Hätten Autos besser ausweichen oder am Unfallort vorbeifahren können, wenn die Aktivisten nicht auf der Straße gewesen wären? Wie war die Lage vor Ort?

Es waren dort keine Menschen auf der Straße, es gab eine von der Letzten Generation besetzte Schilderbrücke über der Autobahn A100. Wie jedes Mal informierten und alarmierten wir die Polizei, bevor wir auf die Schilderbrücken stiegen. Sie sperrte und regelte den Verkehr auf der A100. Wie die Autofahrenden eine Rettungsgasse bildeten oder nicht, ist nur für die Feuerwehrleute auszumachen. Was diese in privaten Gesprächen genauso stört wie uns: Nach wie vor wird das wirtschaftliche Profitsystem über das Leben von Menschen gestellt, und die Regierung versagt, beim Klimazusammenbruch zu handeln, sodass friedlicher Widerstand wichtig wird.

Die Radfahrerin war bereits befreit, als der Rettungswagen zum Unfallort kam. Wie schätzen Sie die Gefahr ein, dass der Tod von Verkehrsteilnehmenden in Zukunft eindeutiger einer Aktion der Letzten Generation zugeordnet wird?

Das ist eine abstrakte Frage, die am wichtigsten Punkt vorbeigeht. Es ist sicherlich für die Leser:innen viel interessanter, zu erfahren, ab wann wir hier in Europa kein Essen mehr haben werden und wie Inflation, Kriege und CO₂-Emissionen zusammenhängen.
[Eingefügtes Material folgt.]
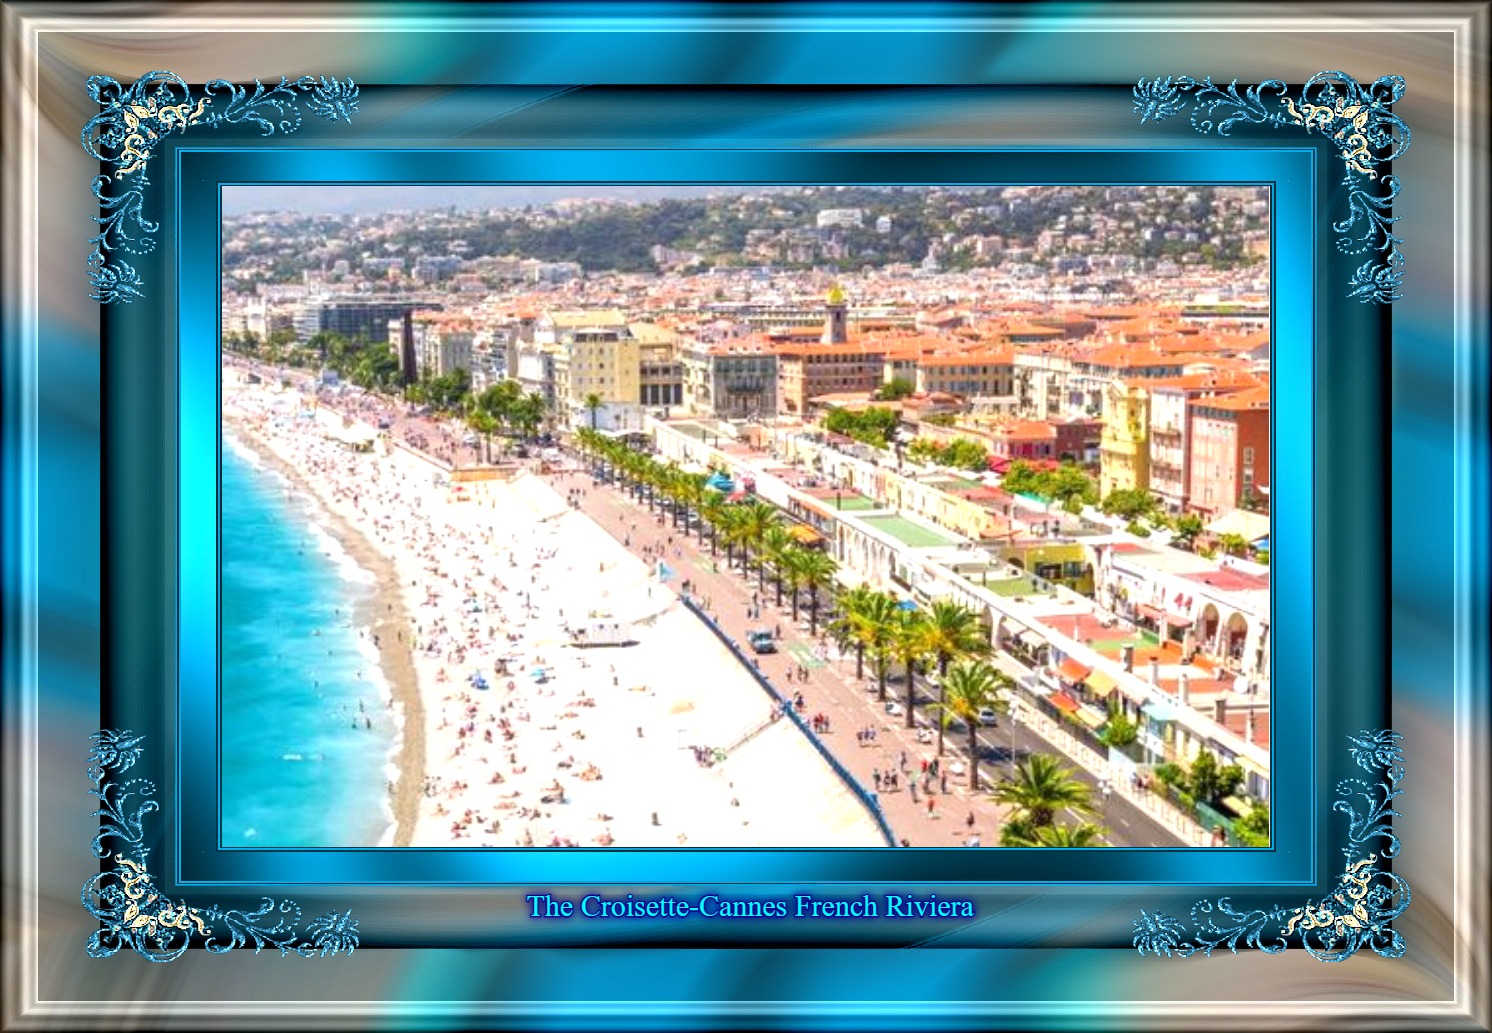 You are currently viewing “Cannes-A City of Fun Frivolity & Festivals”- 02

Junge Menschen haben lange genug immer nur brav die abstrakten Fragen beantwortet und sind bei den realen Bedrohungen zu leise geblieben. Wir werden das nicht tun.

War Ihnen die Möglichkeit eines Unfalls, bei dem Sie der Grund für eine Verzögerung sein könnten, bereits vor dem Vorfall bewusst? Und was haben Sie getan, um solche Szenarien zu verhindern?
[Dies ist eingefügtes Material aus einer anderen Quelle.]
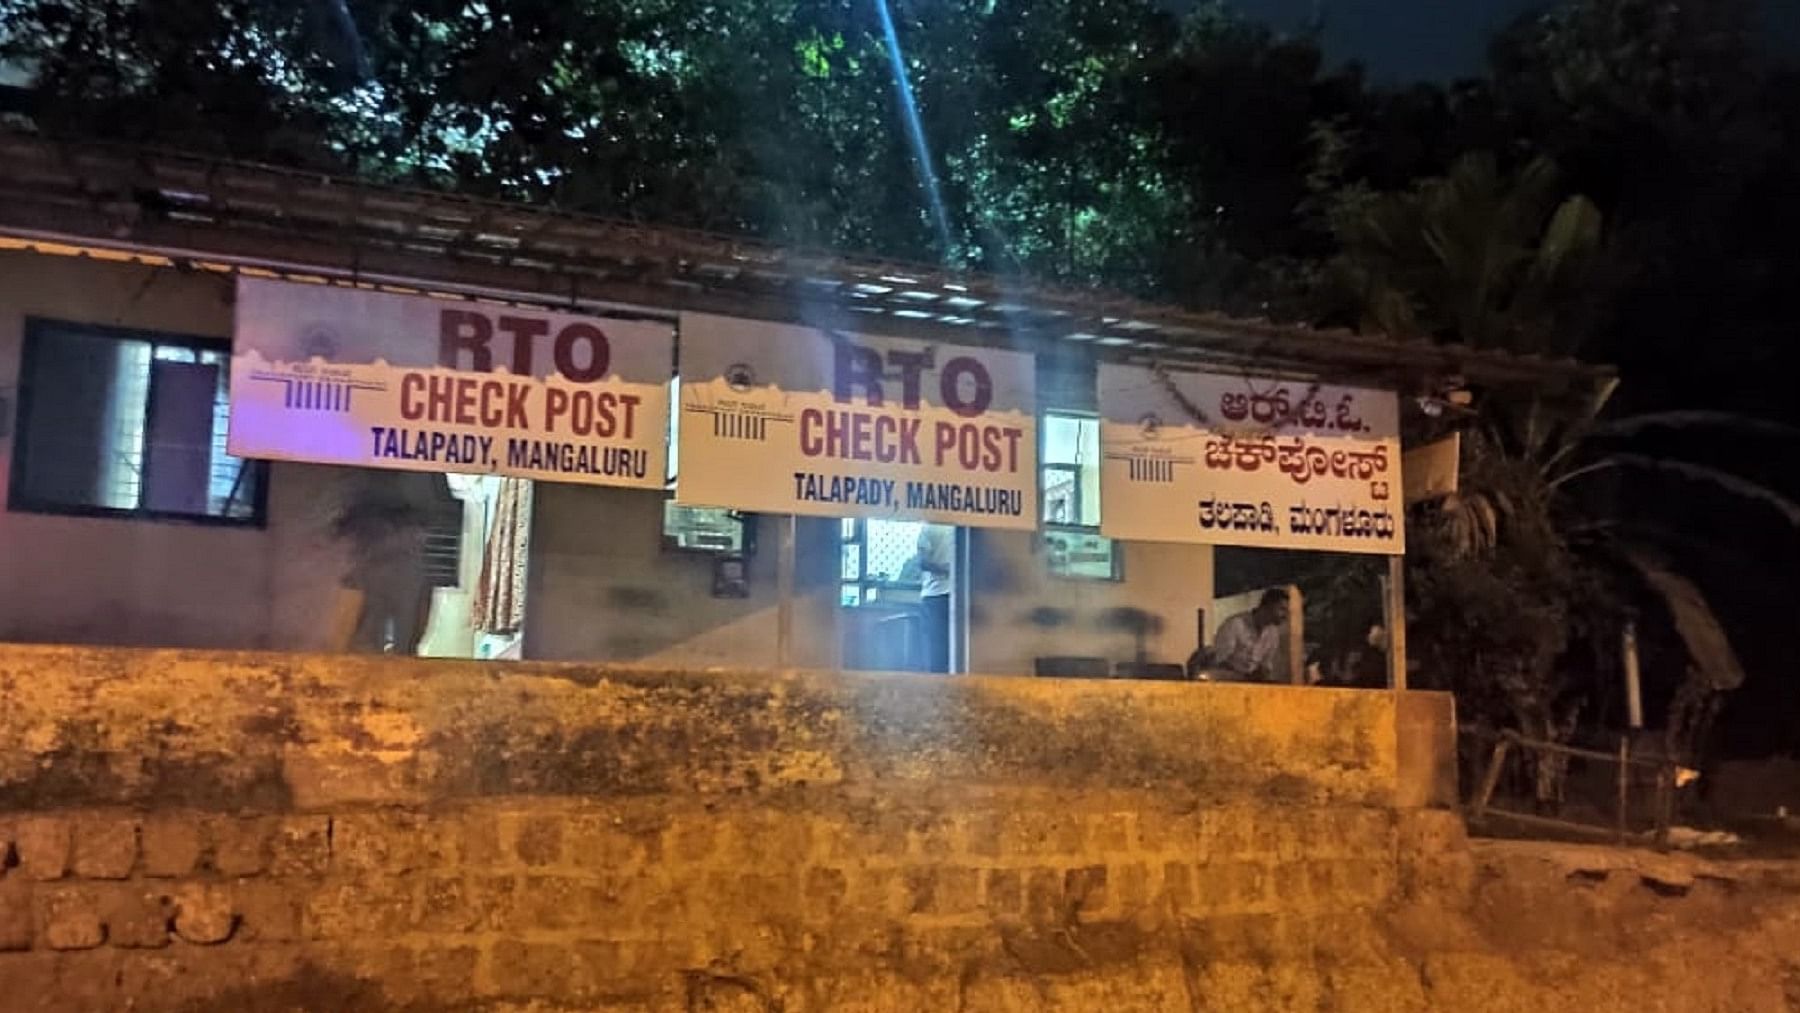 A view of the RTO check post at Talapady. Credit: Special arrangement

Wir gehen so besonnen vor wie möglich und gleichzeitig so disruptiv wie nötig. Wir unterbrechen auch durch die effektiven Schilderbrücken und geben vorab der Polizei Bescheid, sodass sie den Verkehr regelt. Das Ganze darf man nur mit verdammt gutem Grund. Die Frage ist: Wann wäre es Ihnen genug und Sie kleben sich auf die Straße? Für uns ist mit der Vertreibung und dem Mord an Milliarden Menschen in diesem Jahrhundert eine Grenze überschritten, bei der am Rande stehen und kommentieren unethisch wird.

Wie stellen Sie sicher, dass bei den Aktionen eine Rettungsgasse bleibt?
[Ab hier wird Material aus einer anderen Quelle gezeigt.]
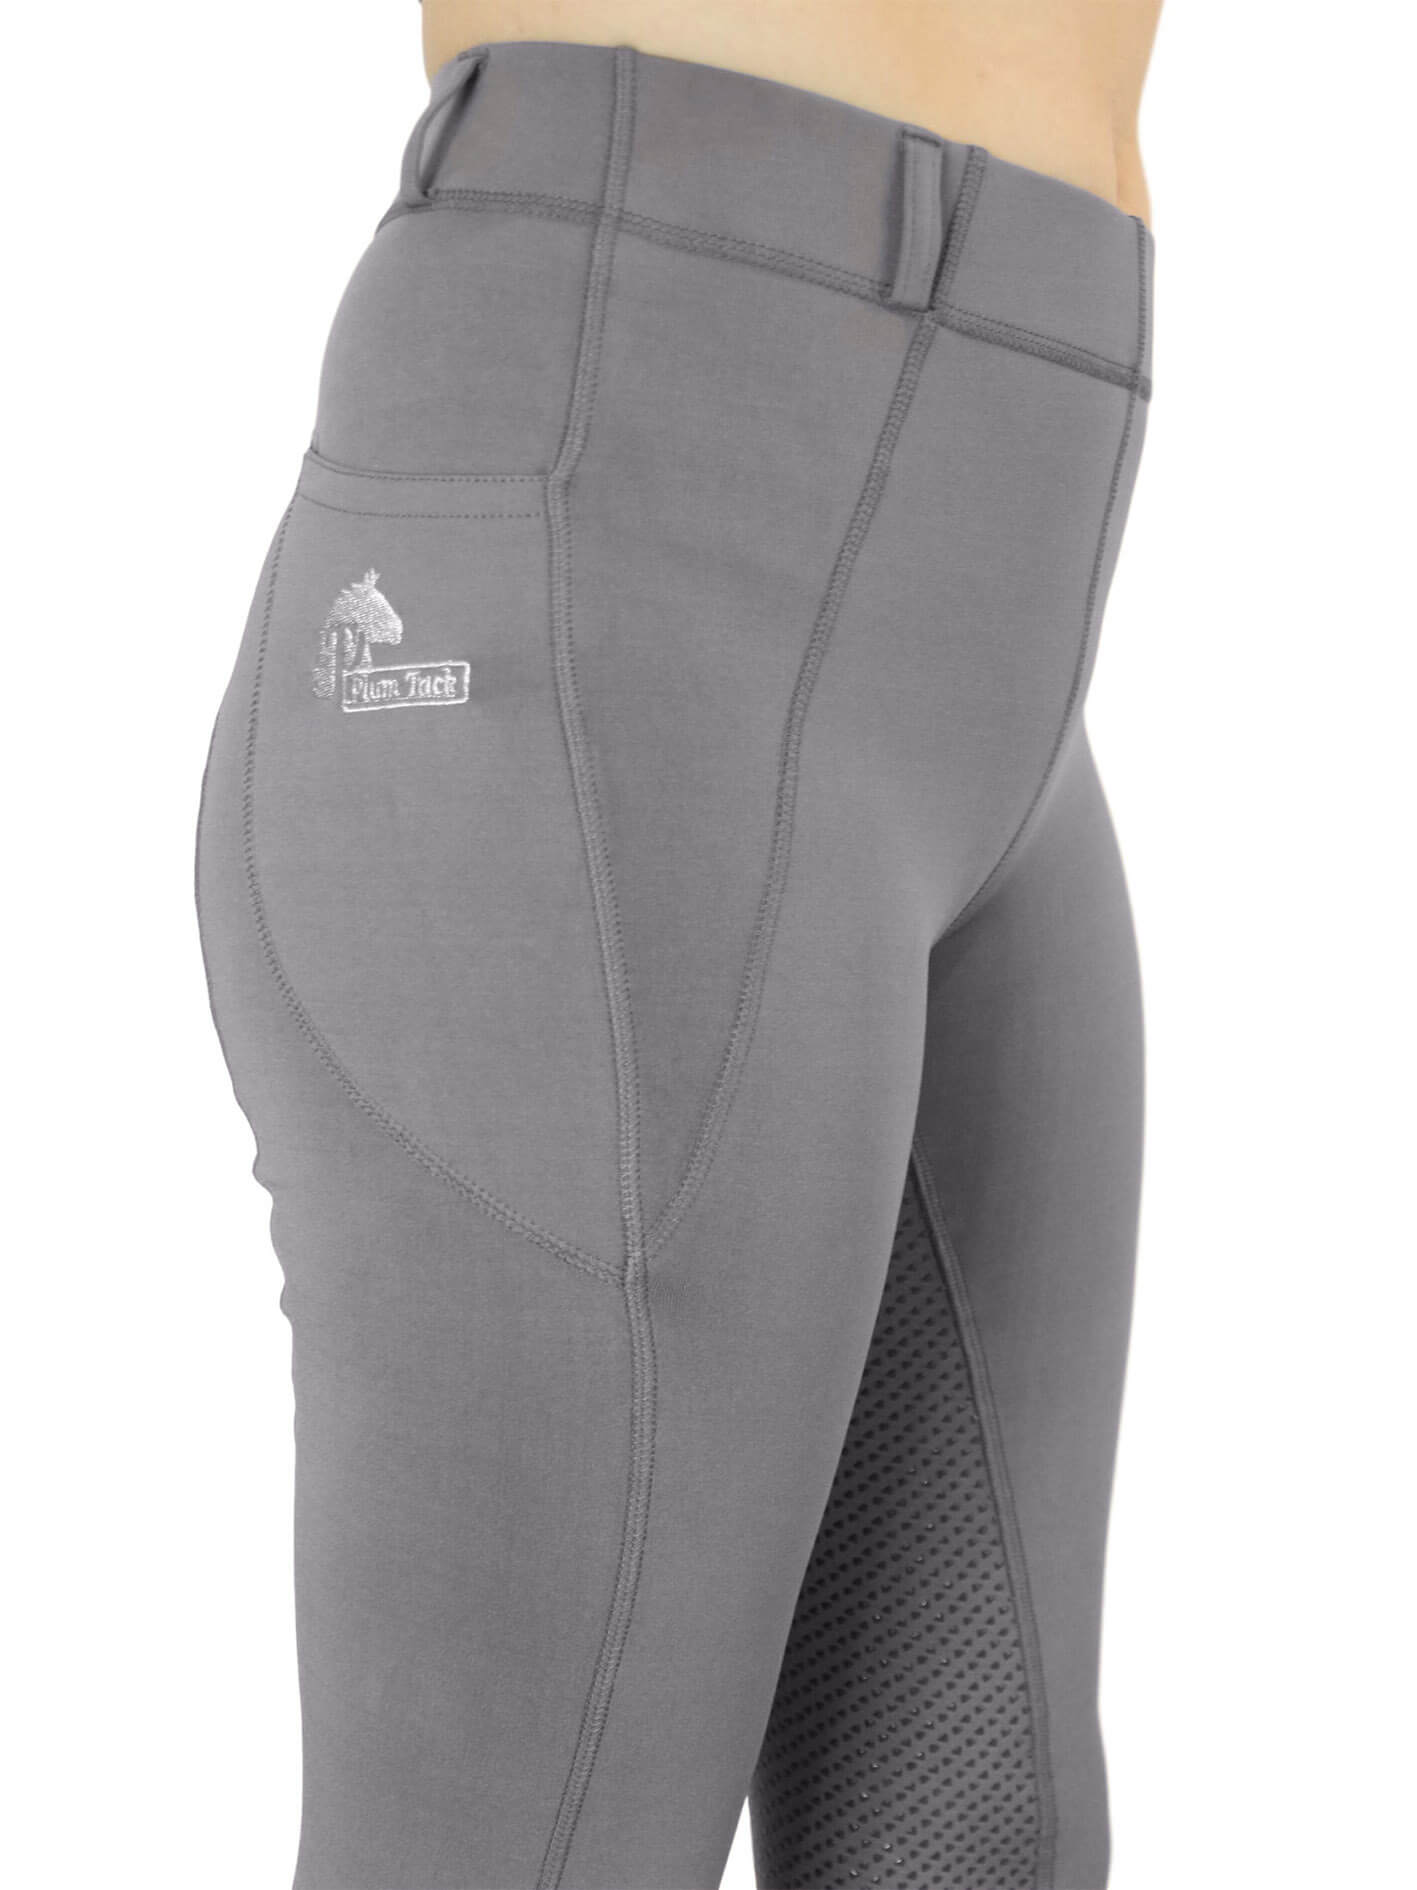 Person wearing gray horse riding tights with a logo on them.

Das kann keiner sicherstellen und wir sind nicht Gott. Wir können an die Autofahrenden nur appellieren, sich so zu verhalten, dass es klappt. In der Mitte jeder Straßenblockade sind die Menschen nie festgeklebt, sodass sie aufspringen können. Auch arbeiten wir da mit der Polizei zusammen, die sehr schnell da ist und oft mehr Informationen zu möglichen Notfällen hat. Es wäre doch am allerbesten, wenn es uns und die Unterbrechungen gar nicht bräuchte: Schon der offene Brief im September hätte reichen können, dass die Bundesregierung den Notfall anerkennt und die ersten Schritte eines überfälligen Tempolimits und eines effektiven und gerechten 9-Euro-Bahntickets geht.

Das Klima ist nicht wie eine Treppe, die man hinabgeht und auf der man bei jeder Stufe stehen bleiben kann. Es gleicht eher einem Abhang, der immer rutschiger wird, bis wir die Kontrolle verlieren. Top-Wissenschaftler vermuten diesen Punkt bei gleichem fossilen Ausbaukurs in ungefähr zwei Jahren. Sicher wissen wir es erst, wenn es zu spät ist.